A single string specifying the UCSC genome e.g. "sacCer3".
goldenPath_url
A single string specifying the URL to the UCSC goldenPath location.
This URL is used internally to build the full URL to the 'chromInfo'
MySQL dump containing chromosomes information for genome.
See Details section below.
quiet
TRUE or FALSE (the default). If TRUE then some
warnings are suppressed. See below for the details.
Details
Chromosomes information (e.g. names and lengths) for any UCSC genome
is stored in the UCSC database in the 'chromInfo' table, and is normally
available as a MySQL dump at:
goldenPath_url/<genome>/database/chromInfo.txt.gz
fetchExtendedChromInfoFromUCSC downloads and imports that table
into a data frame, keeps only the UCSC_seqlevel and
UCSC_seqlength columns (after renaming them), and adds the
circular logical column.
Then, if this UCSC genome is based on an NCBI assembly (e.g. hg38 is based
on GRCh38), the NCBI seqlevels and GenBank accession numbers are extracted
from the NCBI assembly report and the UCSC seqlevels matched to them (using
some guided heuristic). Finally the NCBI seqlevels and GenBank accession
numbers are added to the returned data frame.
Value
A data frame with 1 row per seqlevel in the UCSC genome, and at least 3
columns:
UCSC_seqlevel: Character vector with no NAs. This is the
chrom field of the UCSC 'chromInfo' table for the
genome. See Details section above.
UCSC_seqlength: Integer vector with no NAs. This is the
size field of the UCSC 'chromInfo' table for the
genome. See Details section above.
circular: Logical vector with no NAs. This knowledge is
stored in the GenomeInfoDb package itself for the supported
genomes.
If the UCSC genome is *not* based on an NCBI assembly (e.g. gasAcu1, ce10,
sacCer2), there are no additional columns and a warning is emitted (unless
quiet is set to TRUE). In this case, the rows are sorted
by UCSC seqlevel rank as determined by rankSeqlevels().

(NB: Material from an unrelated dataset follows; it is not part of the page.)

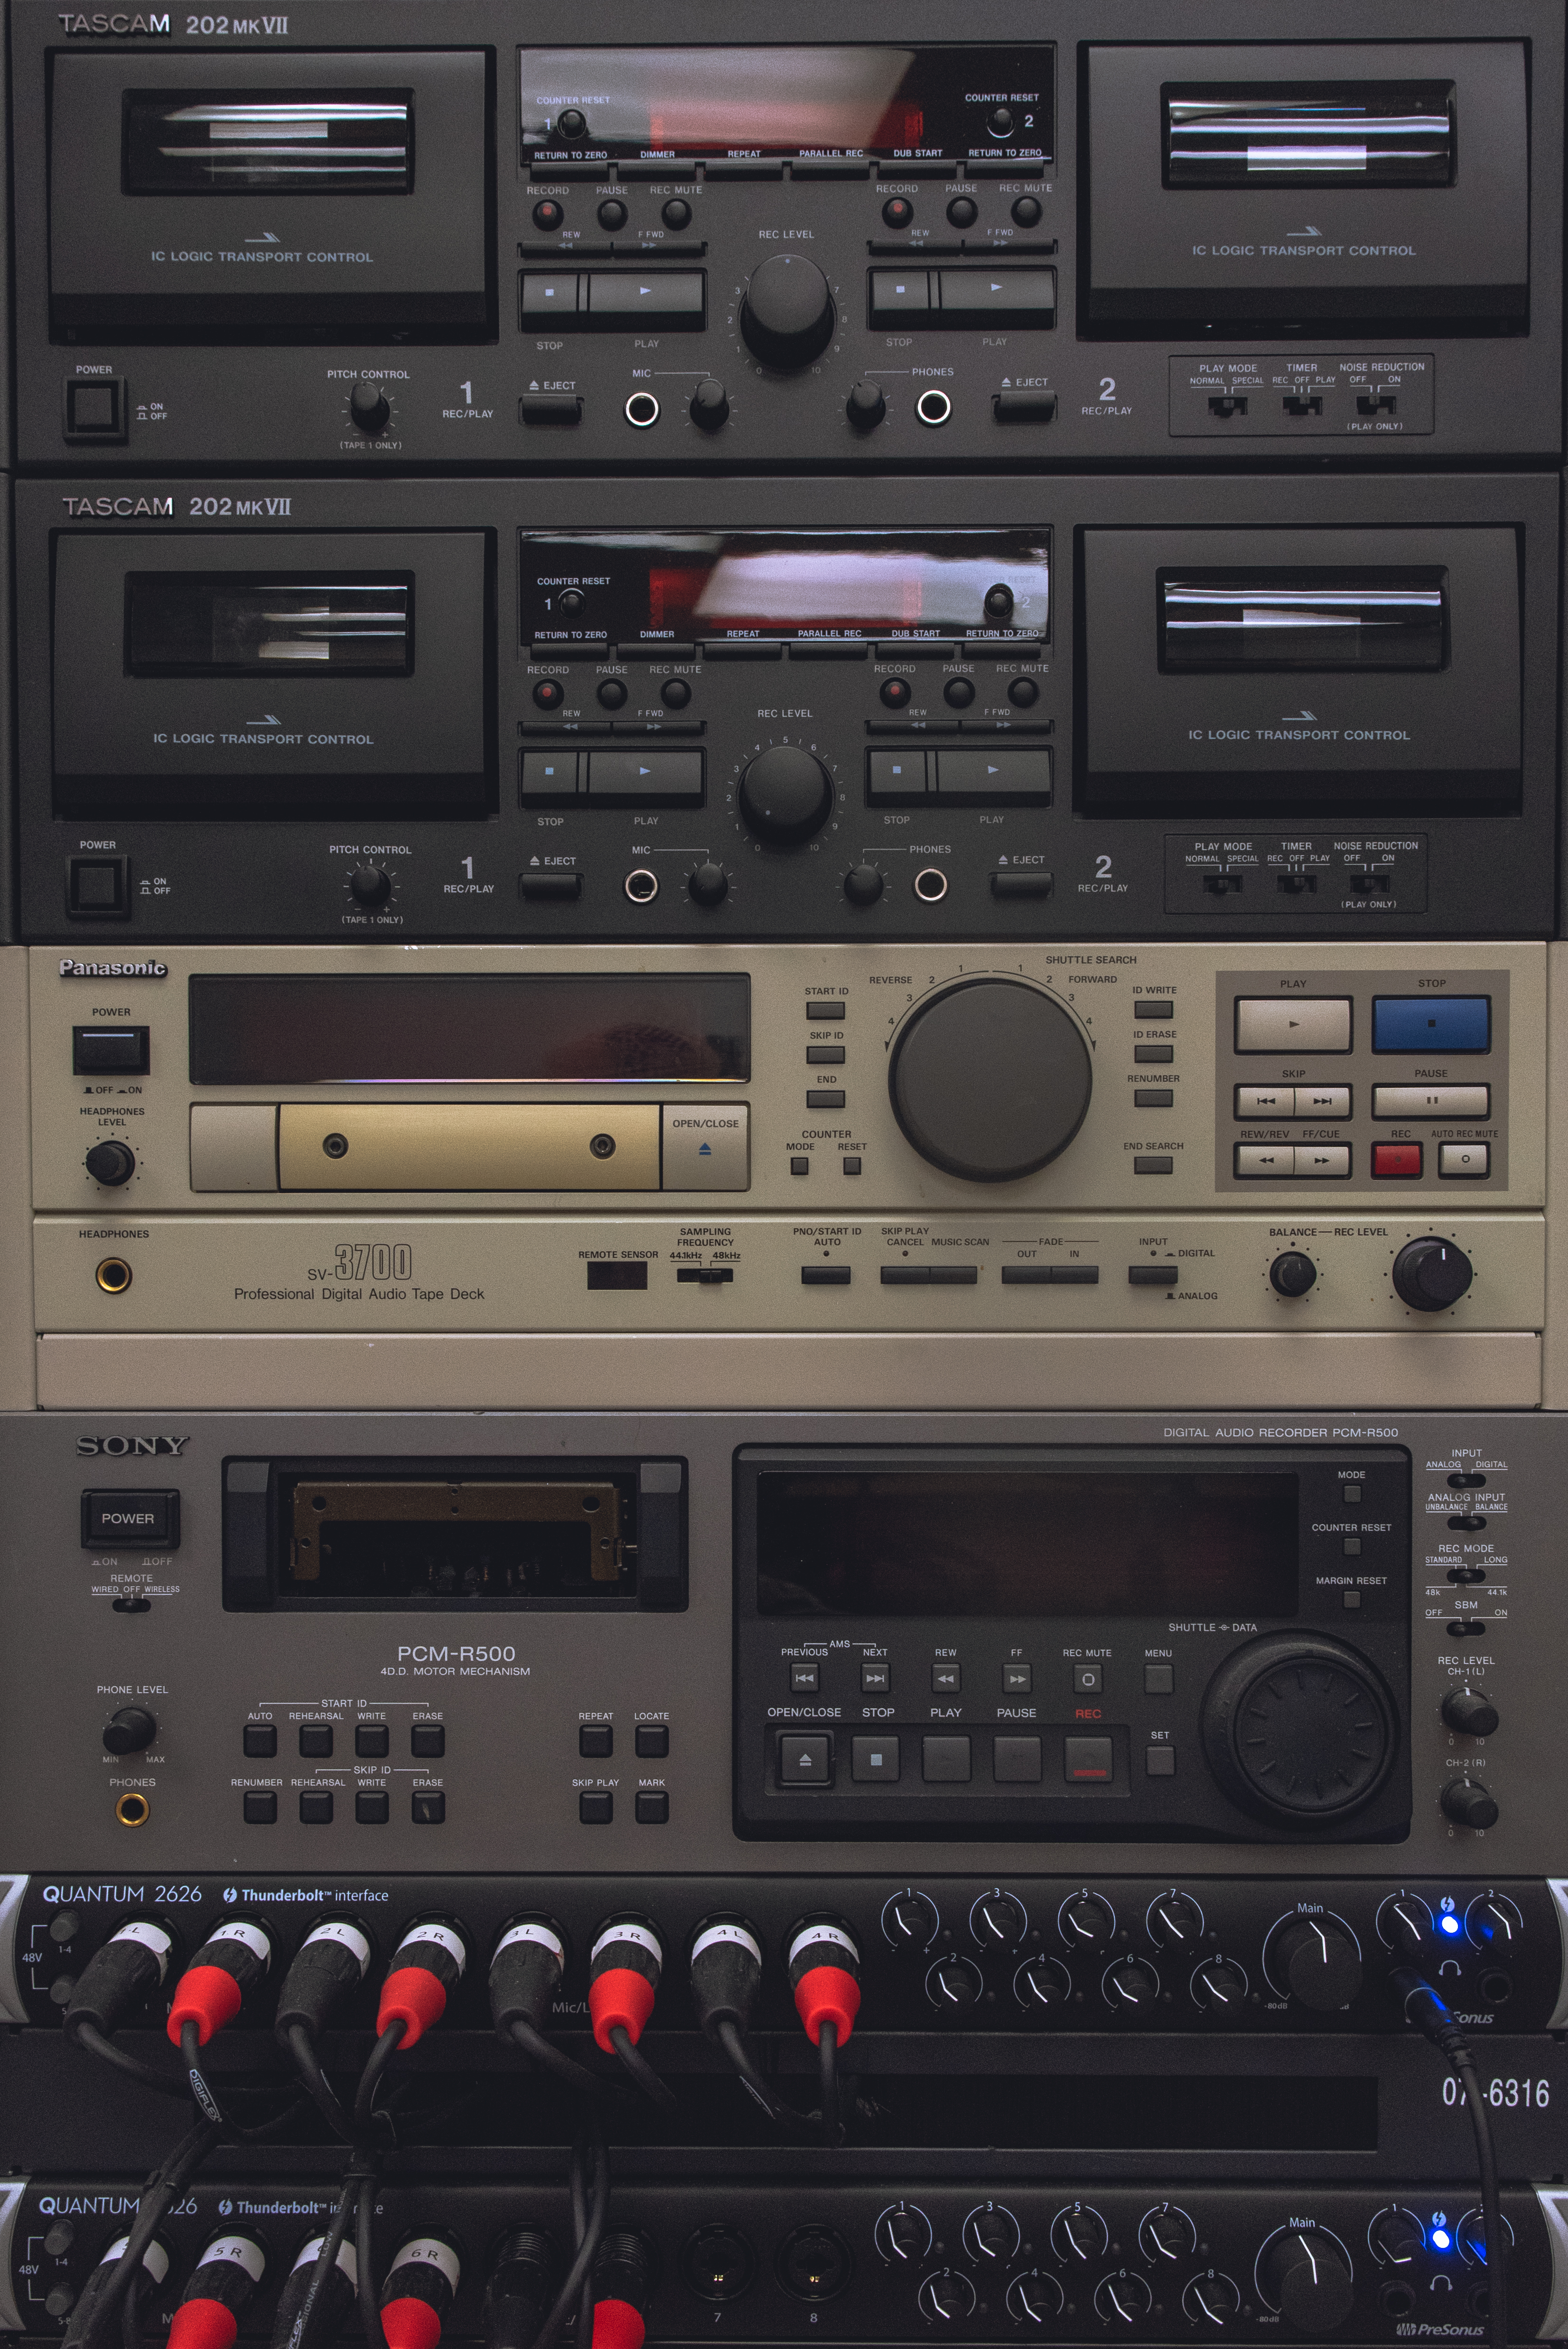 image of an audio hardware rack displaying various tapedecks.

If the UCSC genome is based on an NCBI assembly (e.g. sacCer3),
the returned data frame has 3 additional columns:
NCBI_seqlevel: Character vector. This information is
obtained from the NCBI assembly report for the genome. Will contain
NAs for UCSC seqlevels with no corresponding NCBI seqlevels (e.g.
for chrM in hg18 or chrUextra in dm3), in which case
fetchExtendedChromInfoFromUCSC emits a warning (unless
quiet is set to TRUE).
SequenceRole: Factor with levels assembled-molecule,
alt-scaffold, unlocalized-scaffold,
unplaced-scaffold, and pseudo-scaffold. For
UCSC seqlevels with corresponding NCBI seqlevels this information
is obtained from the NCBI assembly report. Otherwise it is
obtained from a base of knowledge included in the GenomeInfoDb
package. Can contain NAs but no warning is emitted in that case.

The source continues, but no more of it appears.